Despite her starring role in a precedent-setting sexual-harassment case--she's lecturing on it this week in Miami--Faragher didn't really follow the country's most notorious sexual-harassment case: Paula Jones's suit against Clinton. "I understand it was one incident, when ours was kind of a continual, day-in, day-out harassment," she says. "But I understand that if one incident was egregious enough, it constitutes sexual harassment."

And if that incident is egregious enough, a woman should report it. After that, she adds, "if you think you've been wronged and you think they're not taking appropriate action, file a suit."

The decision in Faragher v. City of Boca Raton wasn't the only sex-harassment case the Supreme Court decided last June 26. In its ruling for Burlington Industries, Inc. v. Ellerth, it determined that harassment did not have to result in tangible harm in order to be actionable.
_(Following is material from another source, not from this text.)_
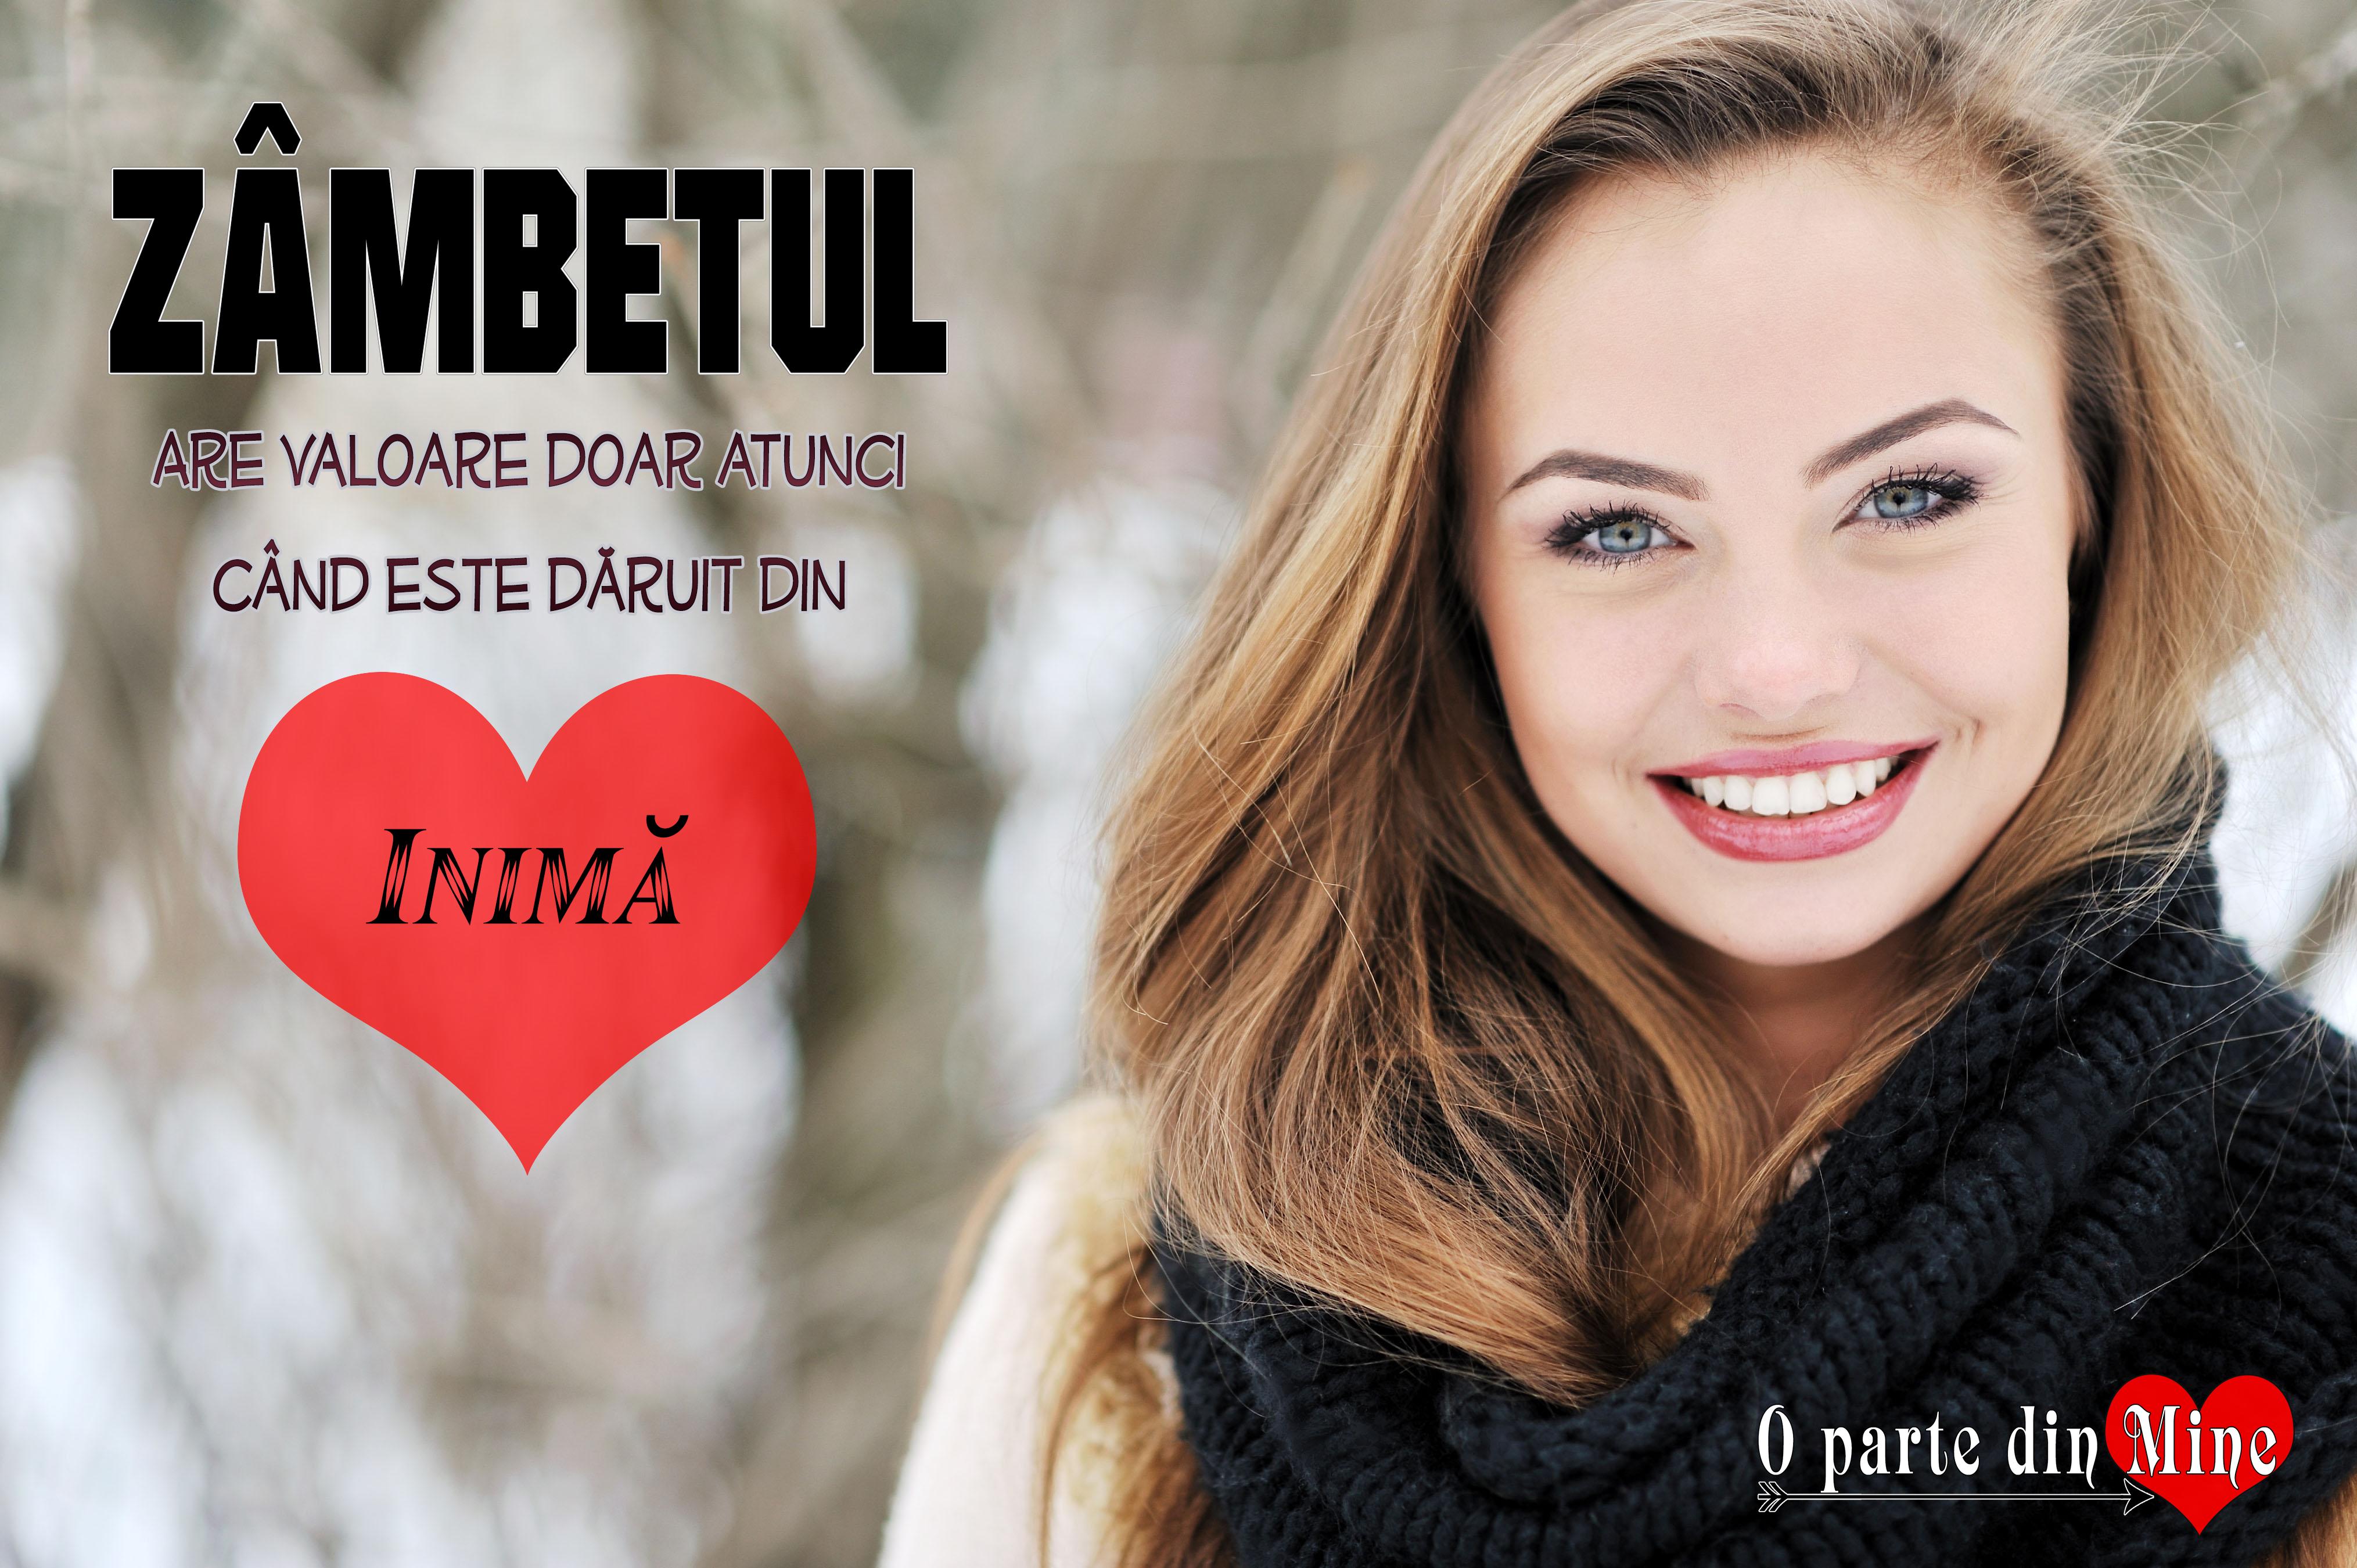 citate despre fericire si zambet Zâmbet | O parte din Mine citate despre fericire si zambet

Both decisions, particularly Ellerth, improved the long-term chances for Jones's suit, then under appeal. (Clarence Thomas offered a dissent from both decisions.)

Clinton, of course, wound up settling with Jones.
Faragher got her day in court. "It's really important--following through on what you believe in," says Faragher, who's now looking for a job in employment law, where she can put her experience to good use. "It's something that hangs over your head for years. But look at my case--boy, was it worth it.

"It will probably be the only time I'll ever be before the Supreme Court.